When the flames have died down to a medium inferno, place your conductor on вверх of your orchestra (they won't mind as they are used to it) until it is well tanned, the hair turns back to its natural color and all of the fat has dripped out. Be careful not to overcook или your Conductor could end up tasting like stuffed ham. Make a sauce by combining the ego, sprouts and ketchup to taste, placing it all in the blender and pureeing until smooth.

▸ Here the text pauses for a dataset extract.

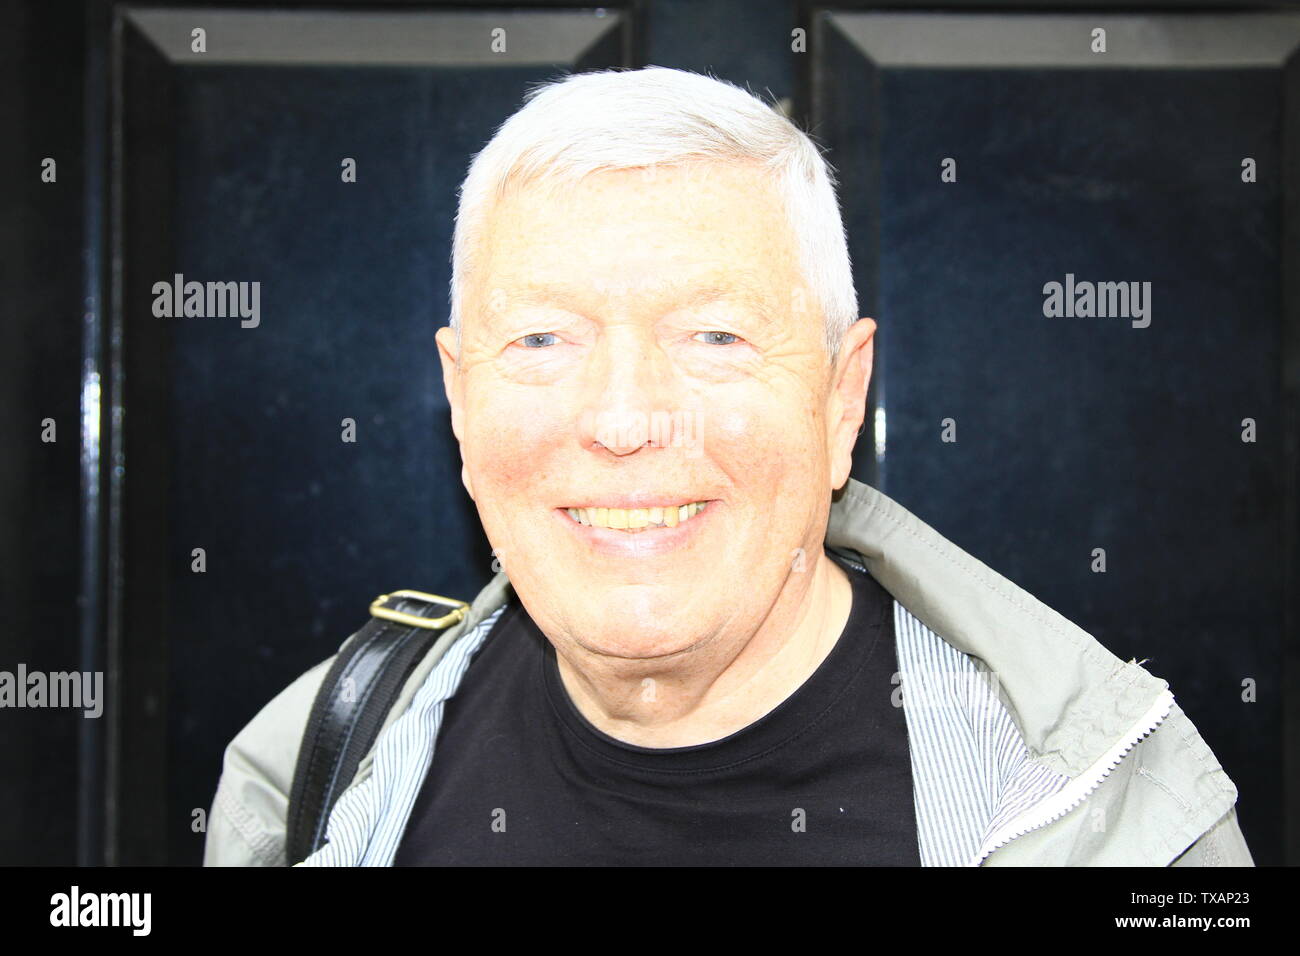 ALAN JOHNSON PICTURED IN THE CITY OF WESTMINSTER ON 24TH JUNE 2019. BRITISH POLITICIANS . UK POLITICS. LABOUR PARTY MPS. SERVED IN TONY BLAIR GOVERNMENT. GORDON BROWN GOVERNMENT.SHADOW CHANCELLOR OF THE EXCHEQUER. See Russell Moore portfolio page. Stock Photo
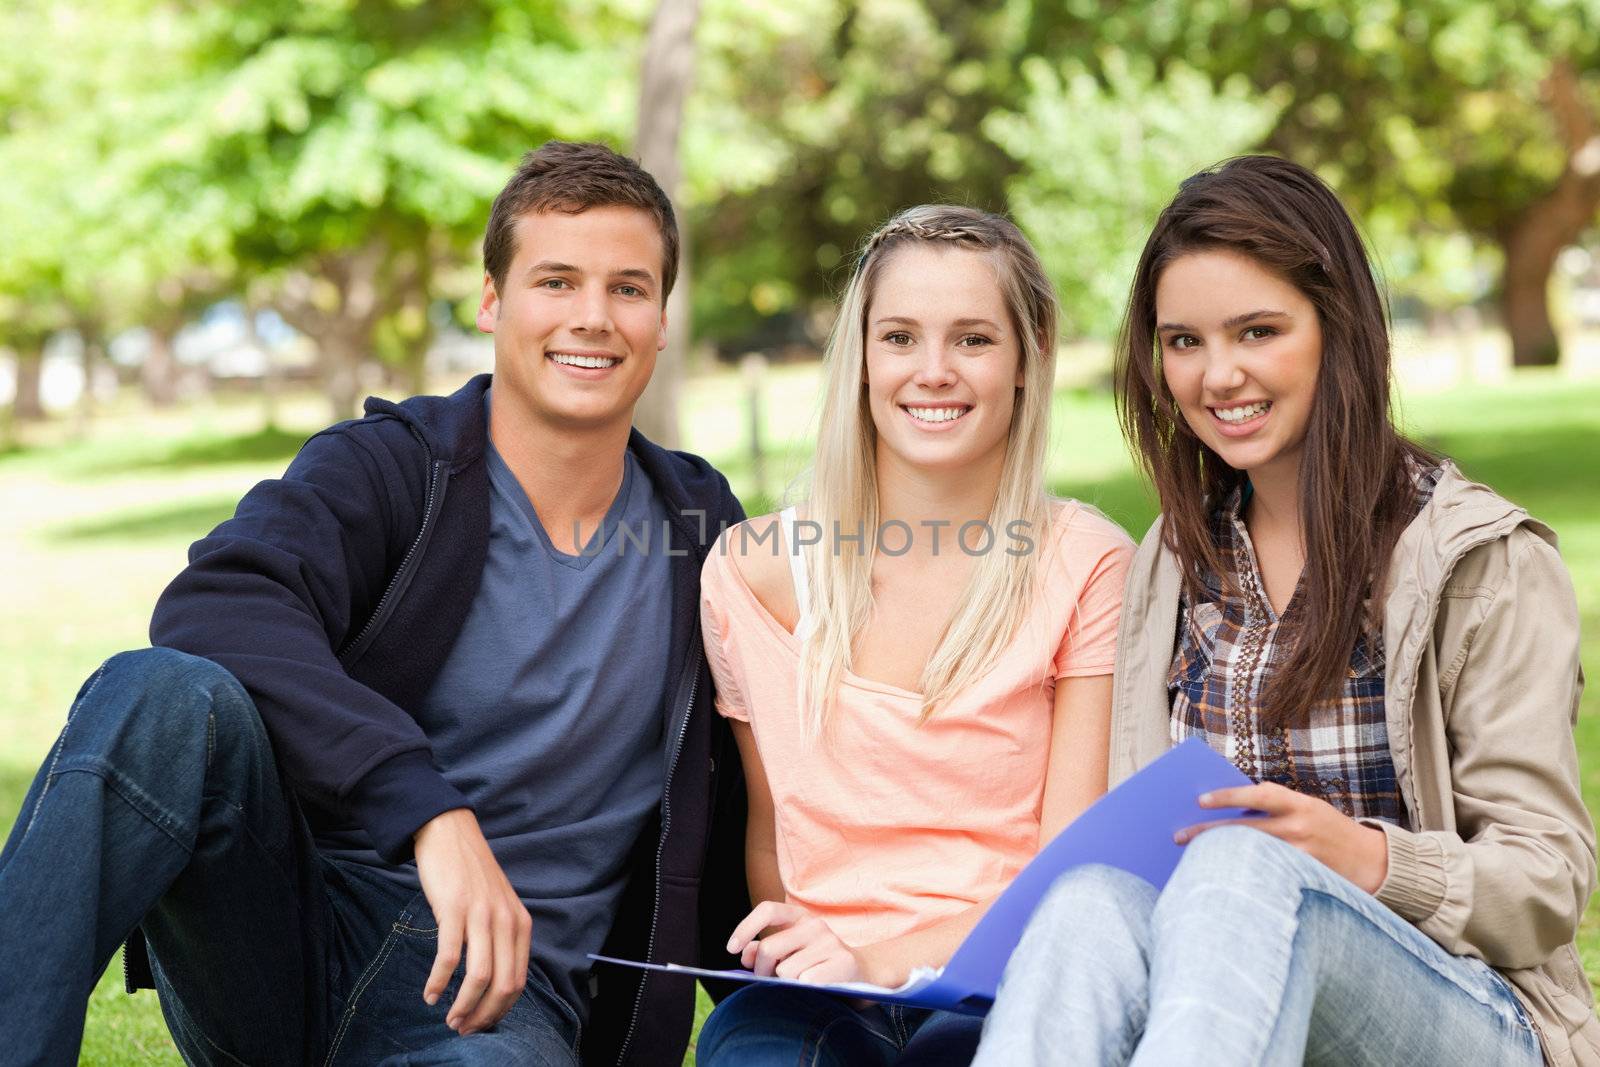 Portrait of three teenagers studying together in a park

If the ego is bitter, sweeten with honey to taste. Slice your conductor as Ты would any turkey. Serve accompanied by the assorted yuppie Еда and the remaining wine with the sauce on the side.
Warning:
Due to environmental toxins present in conductor feeding areas, such as heavy metals, oily residue from intensive PR machinery manufacture, and extraordinarily high concentrations of E.coli, cryptosporidium, and other hazardous organisms associated with animal wastes, the Departments for Conductor Decimation (DCD) recommend that the consumption of conductors be limited to one per season. Overconsumption of conductors has been implicated in the epidemiology of a virulent condition known as "Bataan fever." Symptoms of this disorder include swelling of the brain, spasms in the extremities, delusions of competence, auditory hallucinations and excessive longevity.